If the payer and the hospital agree on criteria supporting a clinical diagnosis, pre-denial case review discussions will likely be productive. Parties who share the same frame of reference can exchange ideas in an educational atmosphere. Respect, trust, and understanding can be built between clinical and coding professionals during these calls. Agreement between hospitals and payers under these circumstances seems a valid approximation of the true clinical state of the patient. 

Bias related to clinical criteria on either side can create an “illusion of validity” that can lead to overconfidence. If the payer and hospital do not agree on a set of diagnostic criteria, repeated discussions of similar cases will likely meet Albert Einstein’s definition of insanity: doing the same thing over and over again and expecting different results. Peer-to-peer (P2P) discussions between professionals who do not share the same frame of reference will likely be pointless, unless such discussions have the goal of creating agreement on a set of diagnostic criteria. 

Dissenting voices might say that pre-denial case review will take too much time. On the contrary; discussion between skilled professionals would almost certainly save time for all parties. Brief pre-denial discussions can result in resolution or agreement on next steps in a few minutes for many or most cases. The hours currently consumed by exchanging of denial and appeal letters could be avoided by pre-denial case review on those cases.

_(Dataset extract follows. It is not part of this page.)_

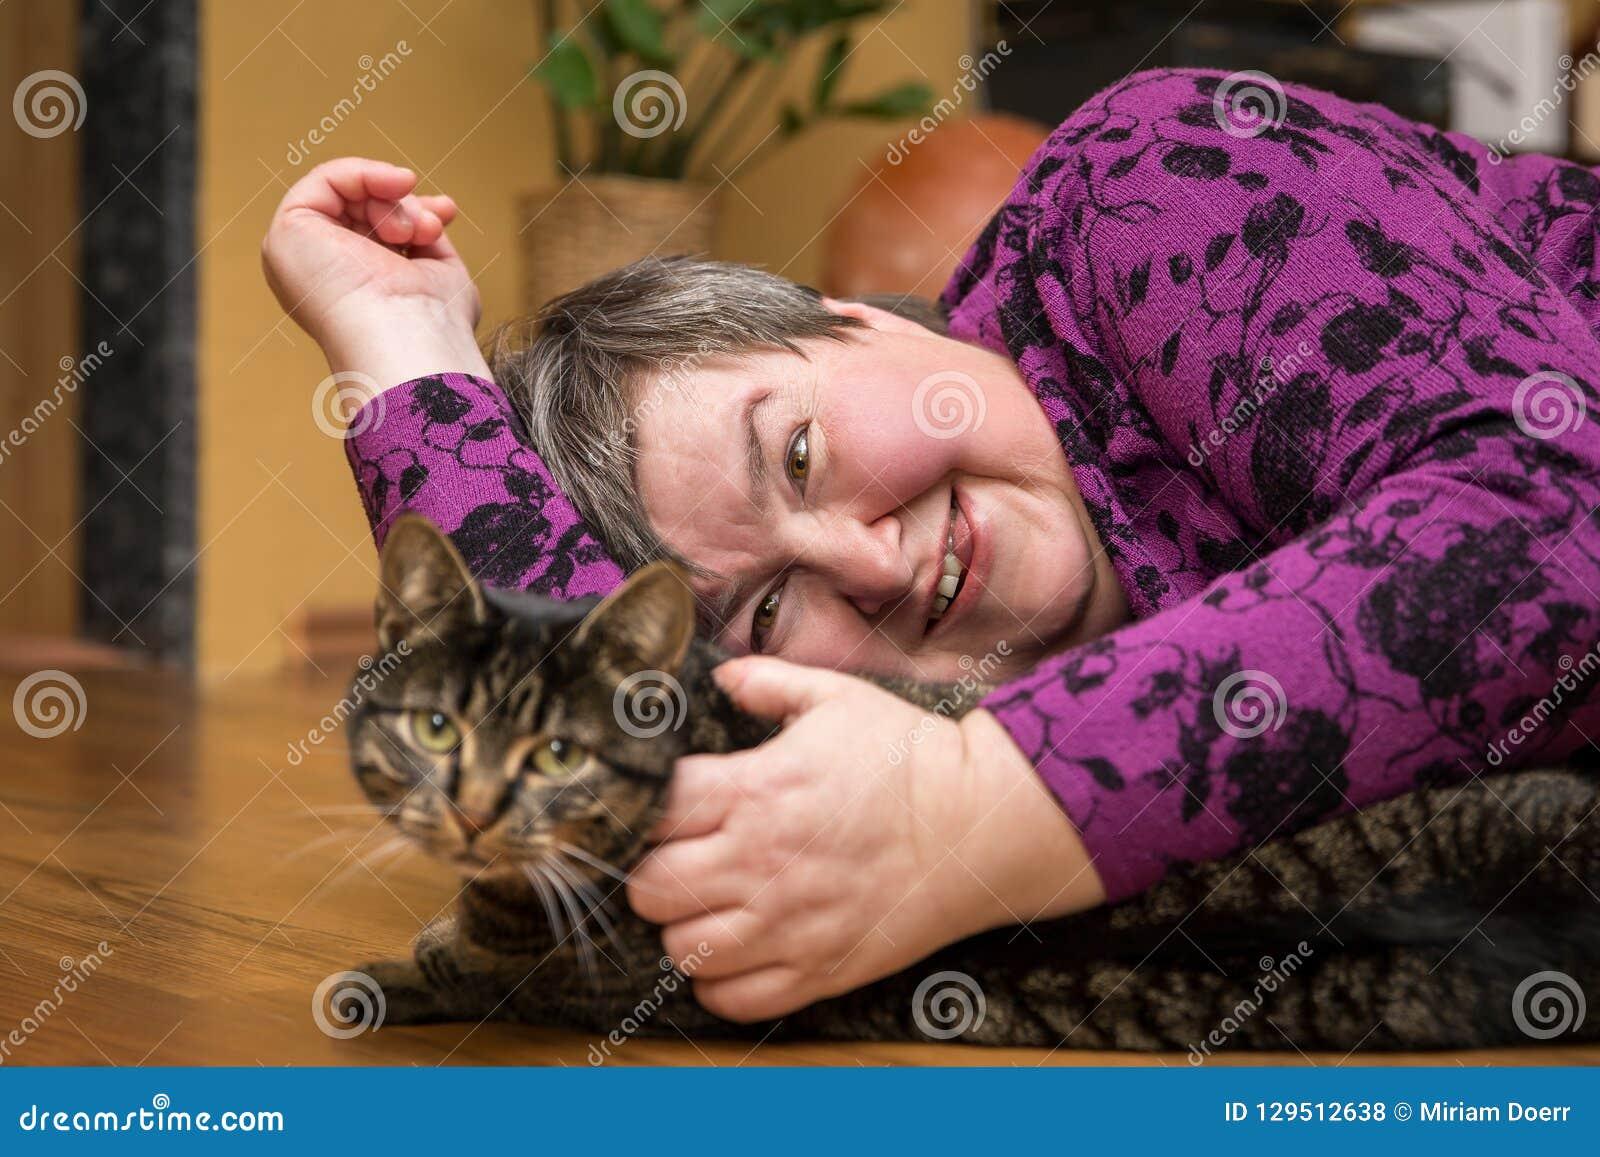 Mentalmente - mulher deficiente que afaga um gato, terapia ajudada animal

If no agreement on clinical criteria and the significance of patient-specific factors can be reached, both parties will save time and frustration by proceeding directly to impartial dispute resolution. A major reason for inability to reach agreement may be conflicts in interests and incentives motivating the disputing parties.

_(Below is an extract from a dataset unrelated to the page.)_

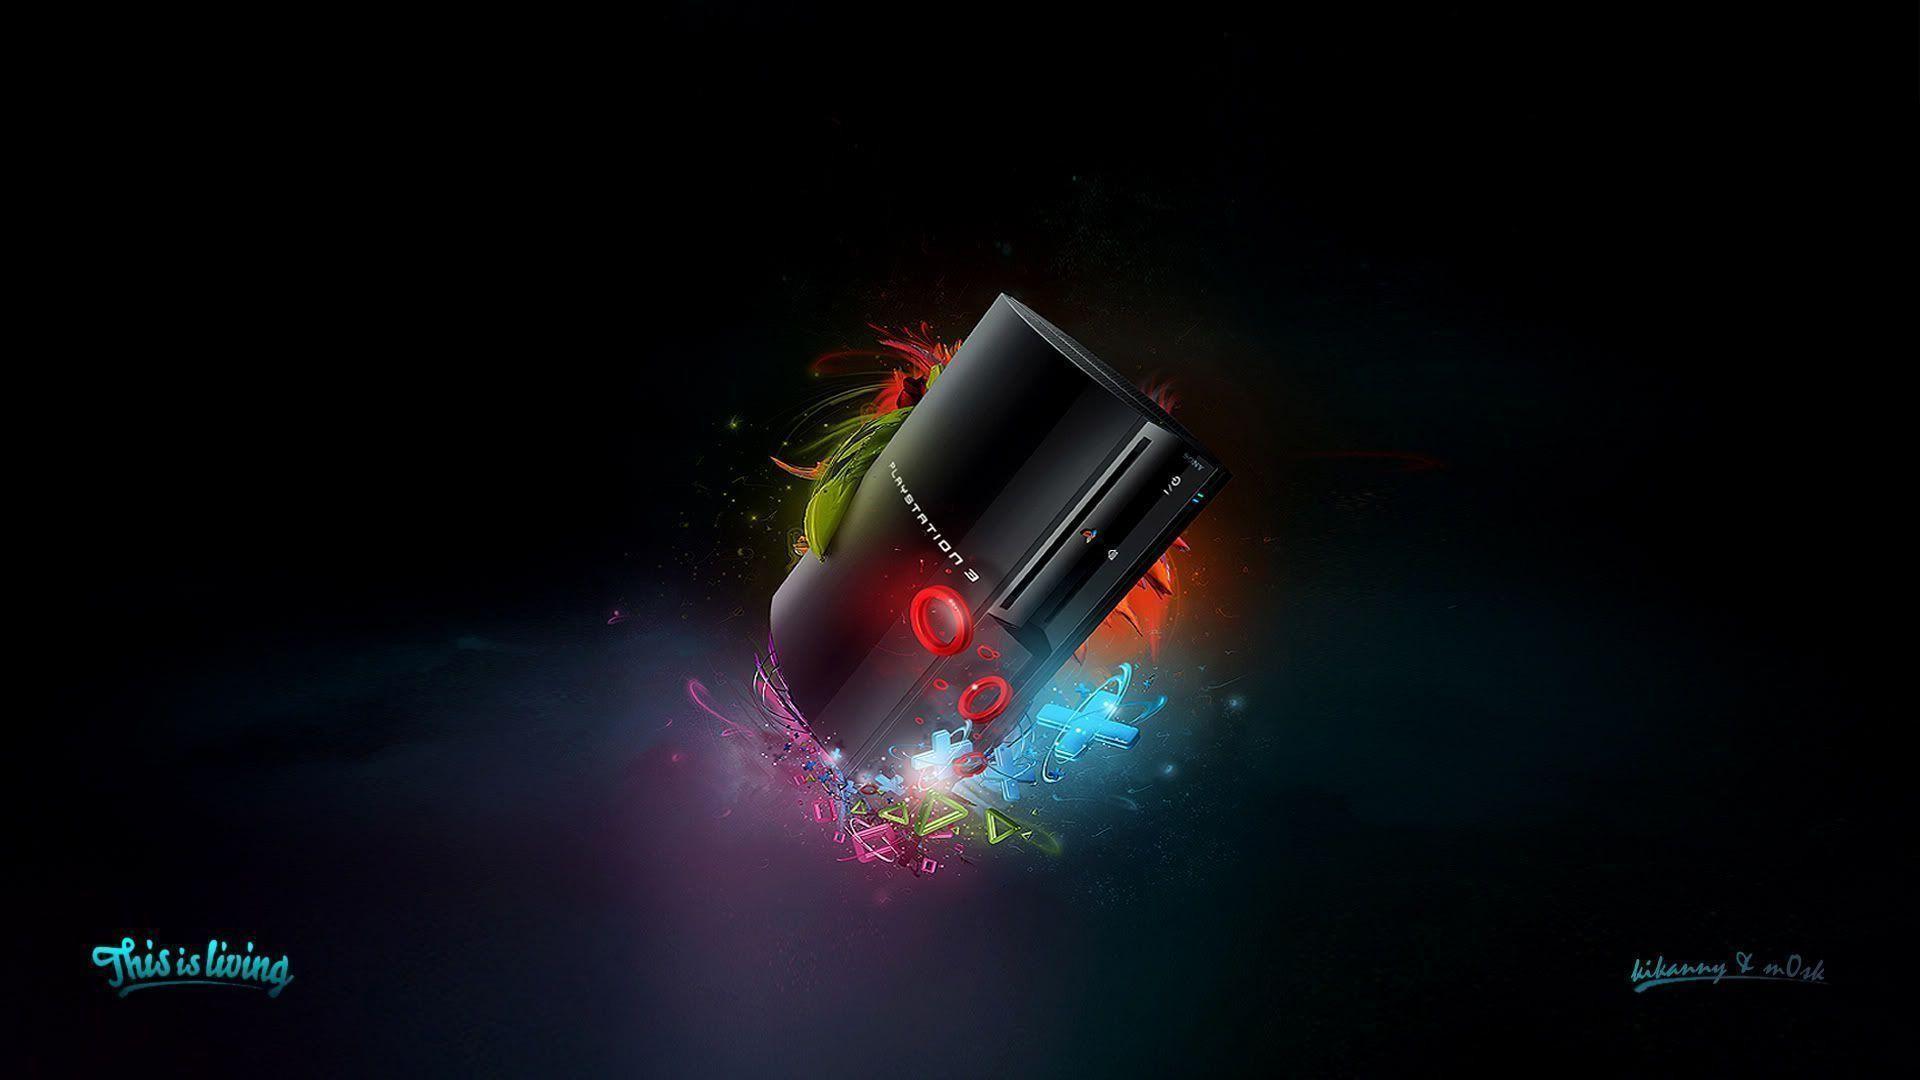 PlayStation 4 Wallpaper HD – WallpaperSafari

Alignment of Interests and Incentives 

A simply stated goal of coding and DRG assignment might be accurate healthcare data at low administrative cost. Teamwork and cooperation at multiple levels could contribute greatly to achieving this goal. The concept of therapeutic jurisprudence also may apply to this important work.

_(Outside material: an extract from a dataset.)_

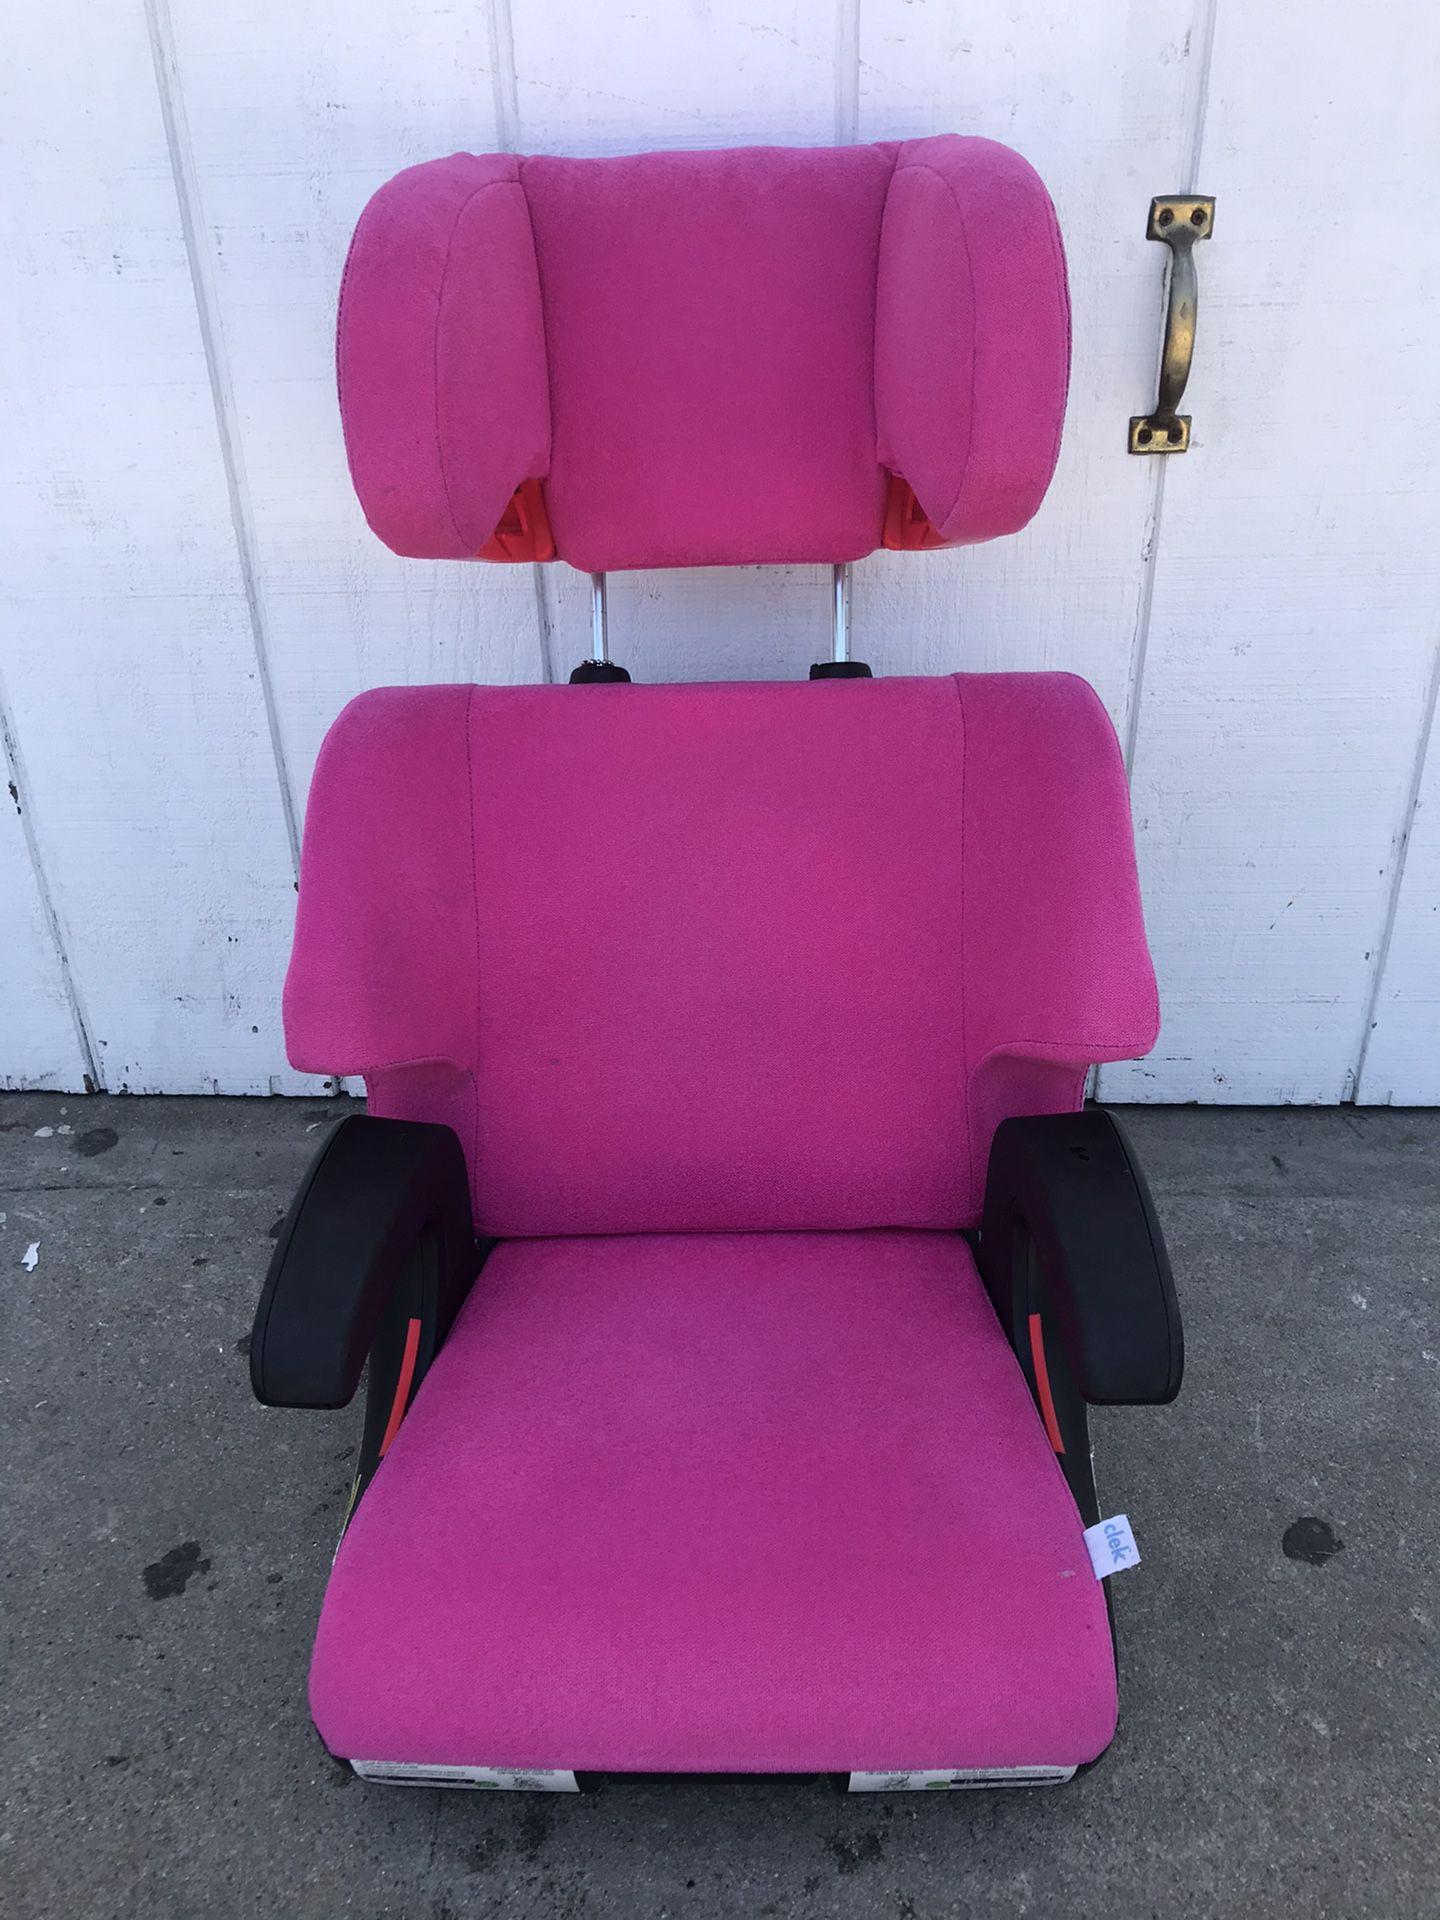 BOOSTER SEAT CLEK

Therapeutic jurisprudence presents the “role of law as a therapeutic agent.,” the notion that the law can “promote the psychological or physical well-being of the people it affects.” Laws favoring effective communication and unbiased decision-making could result in teamwork between insurers and hospitals, aligning incentives of the parties as partners in support of accurate healthcare data. 

Why is this Important?

Accurate healthcare data is critically important to achieving good outcomes of care. Quality measures for hospitals and physicians depend on accurate assessment of severity of illness for hospitalized patients. Relative length-of-stay and relative mortality measures depend on accurate case weights, which in turn depend on accurate DRG and code assignment. Outcomes of treatment cannot be evaluated reliably without accurate measures of incidence and prevalence of disease; both measures depend on accurate DRG and code assignment. 

Conclusion

In summary, agreements are likely to be more reasonable approximations of reality than chronically unresolved disputes. Well-intentioned leaders in healthcare, insurance, and government can and should work together to create partnerships that work cooperatively toward shared goals. If hospitals and payers must remain adversaries, at least the processes of respectful discourse and impartial dispute resolution could be strengthened.